## Wednesday, September 19, 2012

### Including the phenotypes of fossil taxa in the estimation of phylogenetic signal

A phytools user asks:

Does the phylosig function [Ed. for the estimation of phylogenetic signal] work for non-ultrametric trees? Can I include fossils in my phylogeny?

The answer to both these questions is "yes"? With regard to the former inquiry: I can see two main reasons for using a non-ultrametric tree in the computation of phylogenetic signal. The first is that we have some a priori reason to believe that the rate of character evolution differs strongly on different branches of the tree and we want to condition on this rate heterogeneity. The second is that we have extinct taxa (lineages terminating before the present) included in our phylogeny. In both cases we can compute phylogenetic signal for our characters of interest in the usual way.

The second question pertains to including fossil data in the phylogeny. If the user is referring to the practice of including extinct taxa (fossil species) as lineages terminating before the present, then I have already answered the question. However, if what he or she wants to do is attach a datum (or multiple data) to a specific node or to a point along an internal edge, then this is a different matter. Again, it is possible, but a tiny bit more complicated.

The easiest way to do this is by attaching an extra branch of zero length to our tree. If the fossil placement is at an internal node, then we attach the branch to the node as follows (note that I'm going to do this by simulation using phytools::pbtree, but to repeat this, the user has to update phytools to the latest non-CRAN version, v0.1-95, here - also see note at the end of this post):

> library(phytools)
> # first, let's say we have a phylogeny with 20 tips
> tree<-pbtree(n=20)
> # plot the tree with node labels
> plotTree(tree,node.numbers=T,pts=F)
> # ok, now let's assume that our fossil data can be
> # confidently placed at, say, node 28
> # first create a new tip
> tip<-list(edge=matrix(c(2L,1L),1,2),tip.label="x1", edge.length=0,Nnode=1L)
> class(tip)<-"phylo"
> # then attach it
> xtree<-bind.tree(tree,tip,where=28)
> x11(); plotTree(xtree,pts=F,node.numbers=T)

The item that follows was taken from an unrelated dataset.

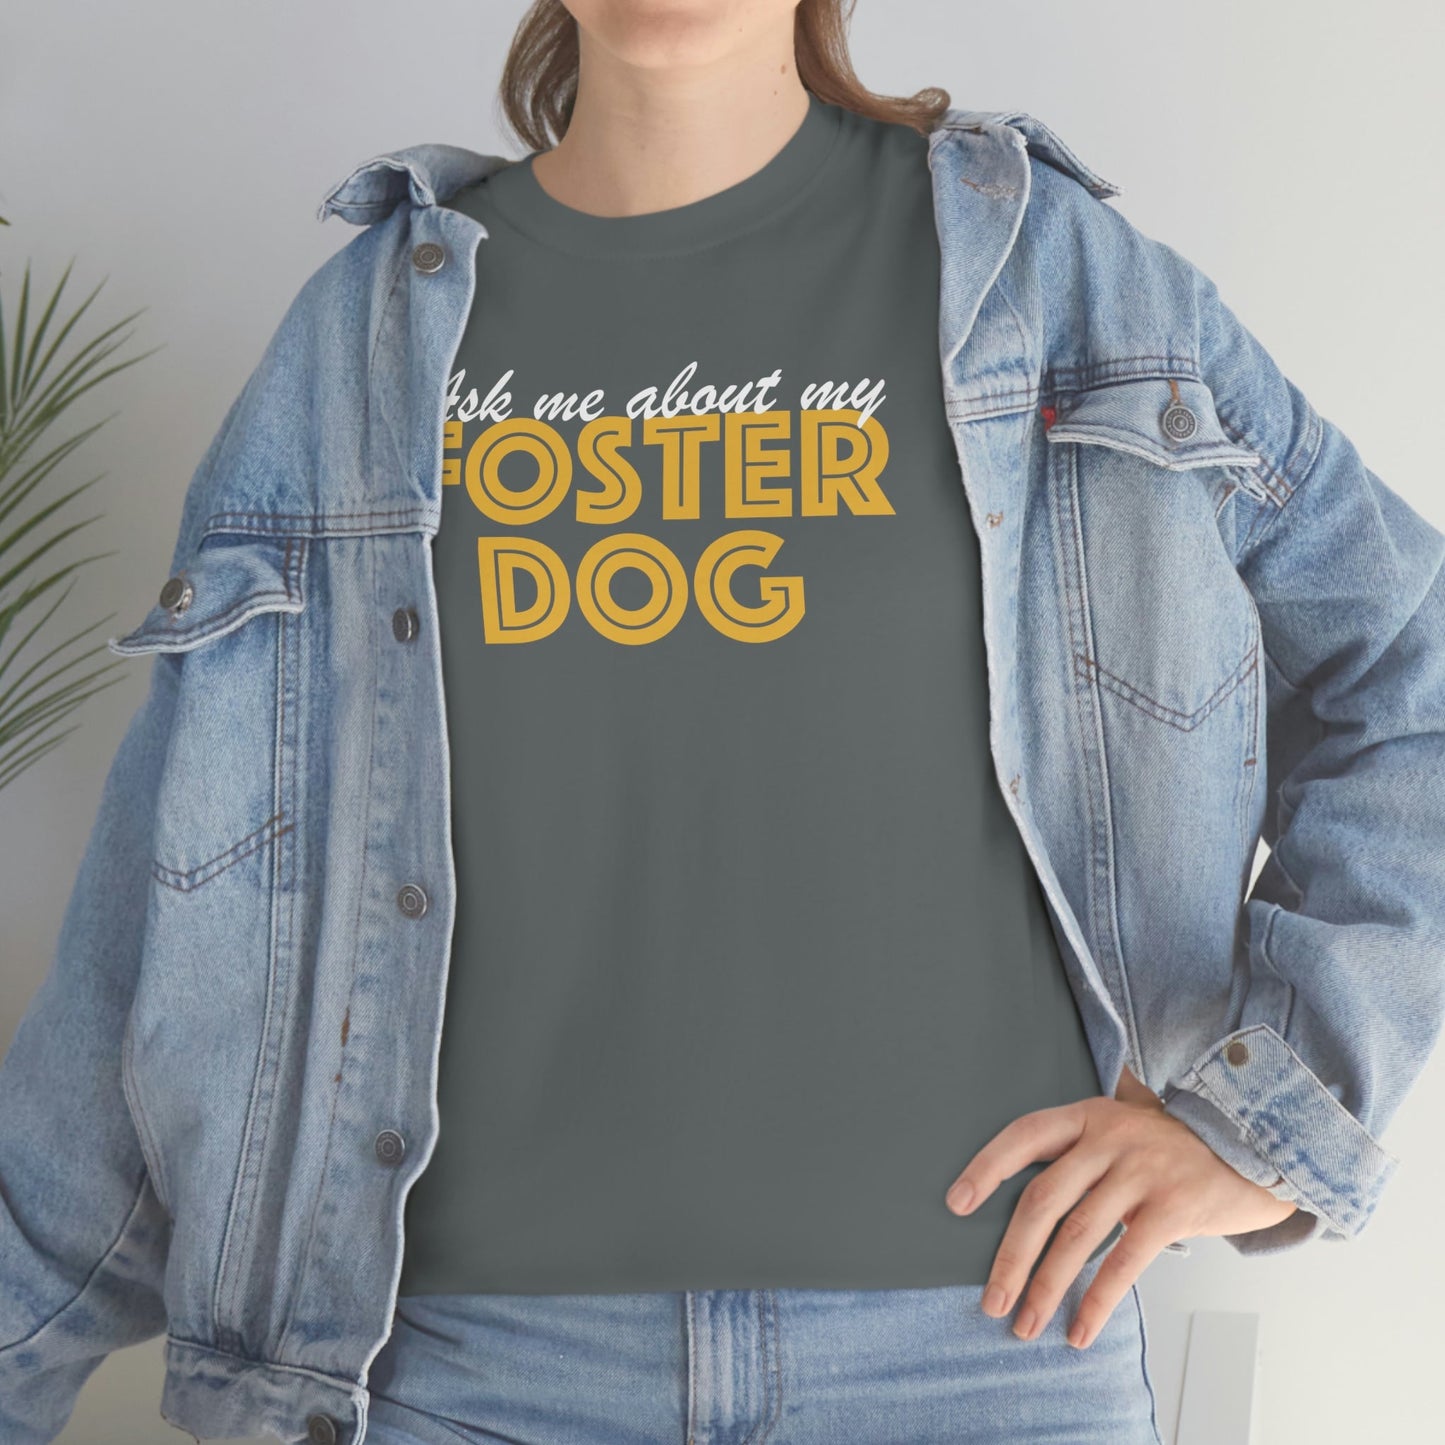 Ask Me About My Foster Dog | Text Tees - Detezi Designs-25803454684281576282

[Note here that all the node numbers have increased by one. This happens even though we have not added any internal nodes to the tree because we have technically added a new tip, and the counting scheme for node numbers begins with number N+1 for N tips in our phylogeny.]

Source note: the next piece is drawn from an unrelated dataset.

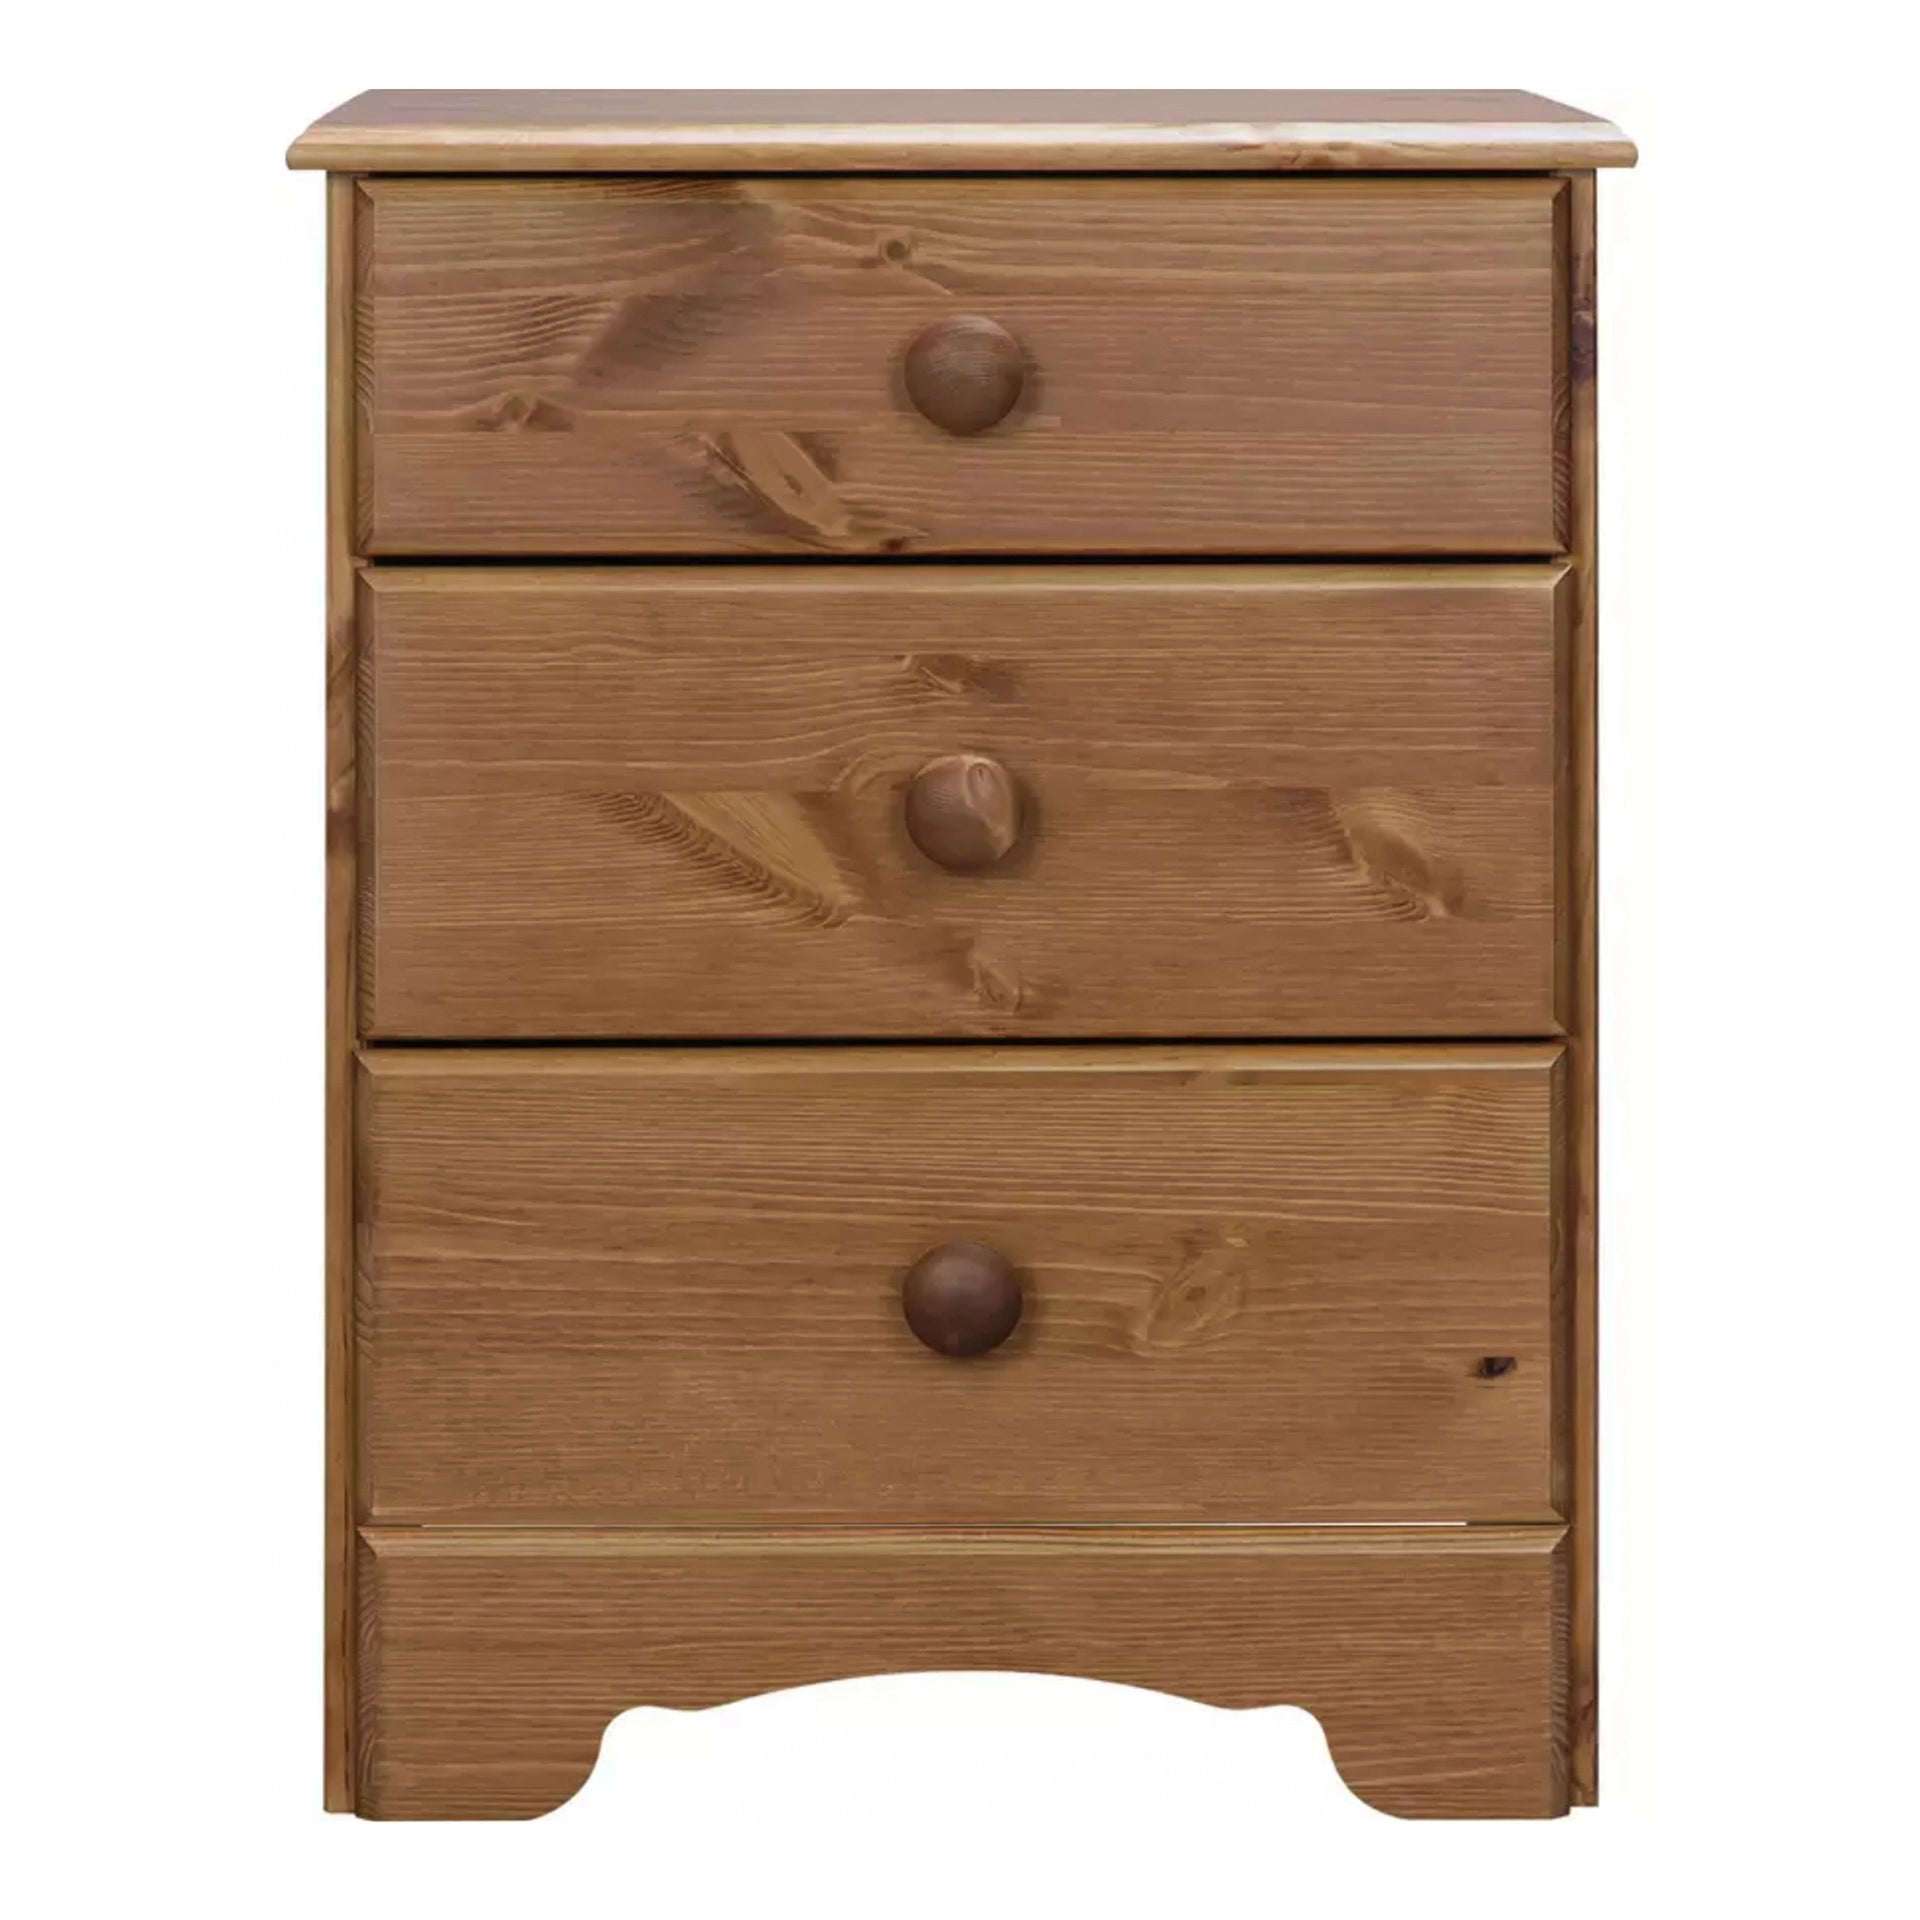 Furniture To Go Nordic Bedside Table 3 Drawers, Cherry

We can repeat this procedure as many times as we want - adding additional fossil phenotypes to the tree.

Normally, then, we would have our data vector containing both the values for all the tip nodes, and the values for ancestral nodes from fossils - the latter named by the convention we have adopted to add new tips to the tree (here, "x1"). Since this is a simulated example, we can just generate some data:

> x<-fastBM(xtree)
> x
t16         t19   ...          x1
-3.38357132 -3.04220865   ...  0.17339482

So, you can see that the data for tip species and internal nodes are just treated in exactly the same way in the input data vector. We can then compute phylogenetic signal in the normal way:

> phylosig(xtree,x,method="K")
[1] 1.294228
> phylosig(xtree,x,method="lambda")
\$lambda
[1] 0.9967708
\$logL
[1] -21.76246

We can do basically the same thing for fossils that we want to place along an edge of the tree, instead of directly at a node. In this case, we would do the following:

> # using our tree from before, say we have a fossil that we
> # want to add halfway between (new) nodes 23 & 26
> tip<-list(edge=matrix(c(2L,1L),1,2),tip.label="x2", edge.length=0,Nnode=1L)
> class(tip)<-"phylo"
> # then attach it
> xtree<-bind.tree(xtree,tip,where=26, position=0.5*xtree\$edge.length[which(xtree\$edge[,2]==26)])
> plotTree(xtree,pts=F,node.numbers=T)
Then we just proceed as before.

**An important addendum is that the simulation using pbtree for phylogeny simulation does not work with the current CRAN version of phytools, and thus to run the simulation exactly as detailed above, one needs to update to the latest non-CRAN phytools version. This is because of although pbtree simulates trees that are (so far as I can tell) compliant with the ape standard, ape::bind.tree nonetheless finds some problem in how edges are numbered and ordered. This will not result in an error - rather a misplacement of the attached tip in the tree. I have built a temporary fix for this problem into the newest version of pbtree, and I may describe that fix in a separate post.